I'm currently self-learning Python and I'm in process of writing my first shell-script. It is a linux file search shell-script, with duplicate files recognization with 'md5hash'. It is solely made for learning purposes, not for real project.
Here's my code:
from subprocess import Popen, PIPE
import os
def index(directory):
stack = [directory]
files = []
while stack:
directory = stack.pop()
for file in os.listdir(directory):
fullname = os.path.join(directory, file)
if search_term in fullname:
files.append(fullname)
if os.path.isdir(fullname) and not os.path.islink(fullname):
stack.append(fullname)
return files
from collections import defaultdict
def check(directory):
files = index(directory)
if len(files) < 1:
print("No file(s) meets your search criteria")
else:
print ("List of files that match your criteria:")
for x in files:
print (x)
print ("-----------------------------------------------------------------")
values = []
for x in files:
cmd = ['md5sum', x]
proc = Popen(cmd, stdout=PIPE)
(out, err) = proc.communicate()
a = out.split(' ', 1)
values.append(a[0])
proc.stdout.close()
stat = os.waitpid(proc.pid, 0)
D = defaultdict(list)
for i,item in enumerate(values):
D[item].append(i)
D = {k:v for k,v in D.items() if len(v)>1}
for x in D:
if len(D[x]) > 1:
print ("File", files[D[x][0]], "is same file(s) as:")
for y in range(1, len(D[x])):
print (files[D[x][y]])
search_term = input('Enter a (part of) file name for search:')

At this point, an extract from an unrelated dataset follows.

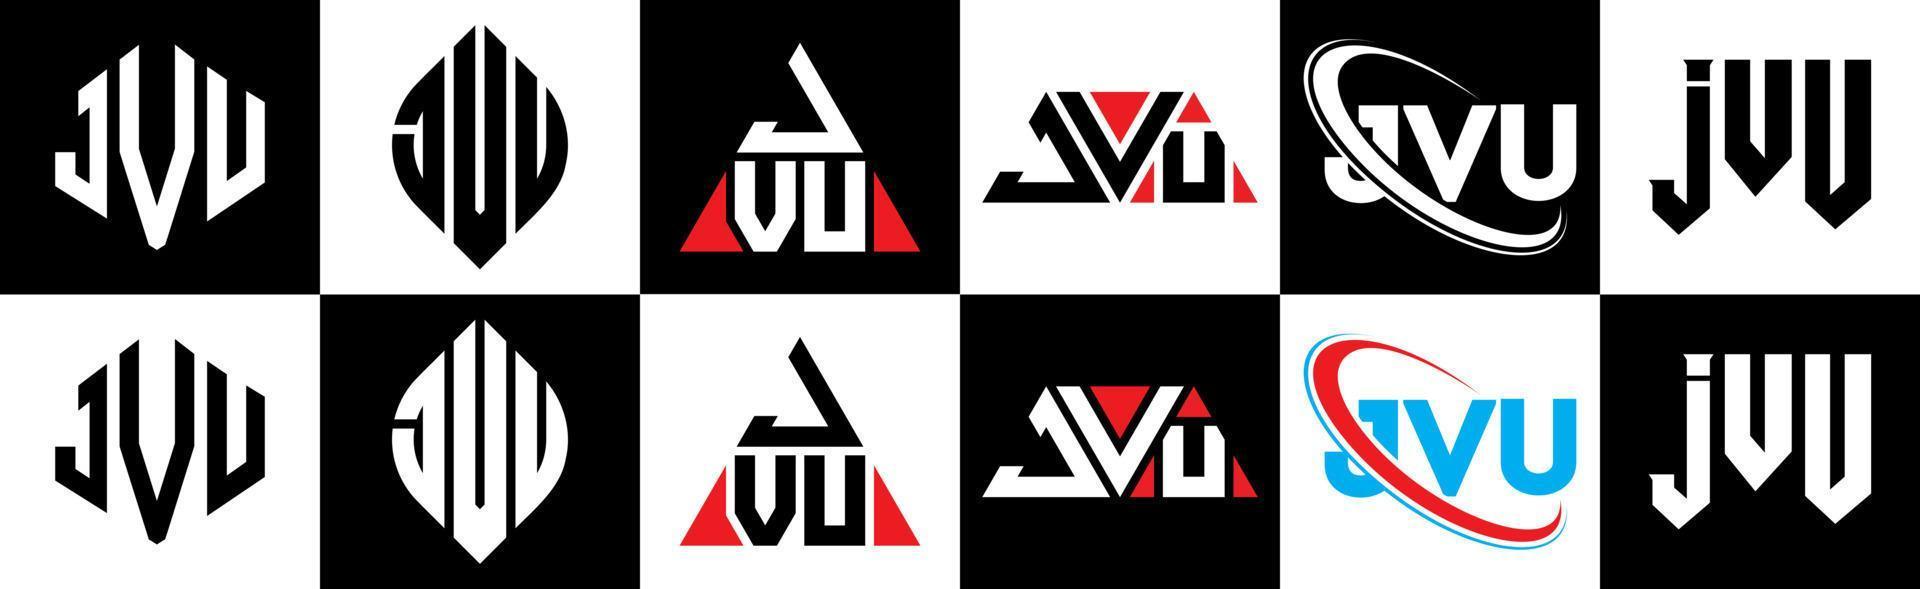 jvu brief logo ontwerp in zes stijl. jvu veelhoek, cirkel, driehoek, zeshoek, vlak en gemakkelijk stijl met zwart en wit kleur variatie brief logo reeks in een tekengebied. jvu minimalistische en klassiek logo vector

a = input('Where to look for a file? (enter full path)')
check(a)
My questions regarding the code:
1. I've been advised to replace deprecated os.popen() with subprocess.Popen()
Yet I don't have a clue how to do it. I tried several solutions that I found already present here on stackoverflow but none seems to work with my case, and every produces some kind of error. For example, dealing with it like this:
from subprocess import Popen, PIPE
...
cmd = ['md5sum', f]
proc = subprocess.Popen(cmd, stdout=subprocess.PIPE)
proc.stdout.close()
stat = os.waitpid(proc.pid, 0)
I'm getting the NameError: global name 'subprocess' is not defined
error.
I'm really lost in this one, so any help provided is appreciated.
2. How to make this program able to search from the top (root)?
If I enter the "/" for the search path, I get the PermissionError: [Errno 1] Operation not permitted: '/proc/1871/map_files'
Does my script need sudo privilegies?
I'm trying to learn Python all for myself by using the Internet. Thanks for your help!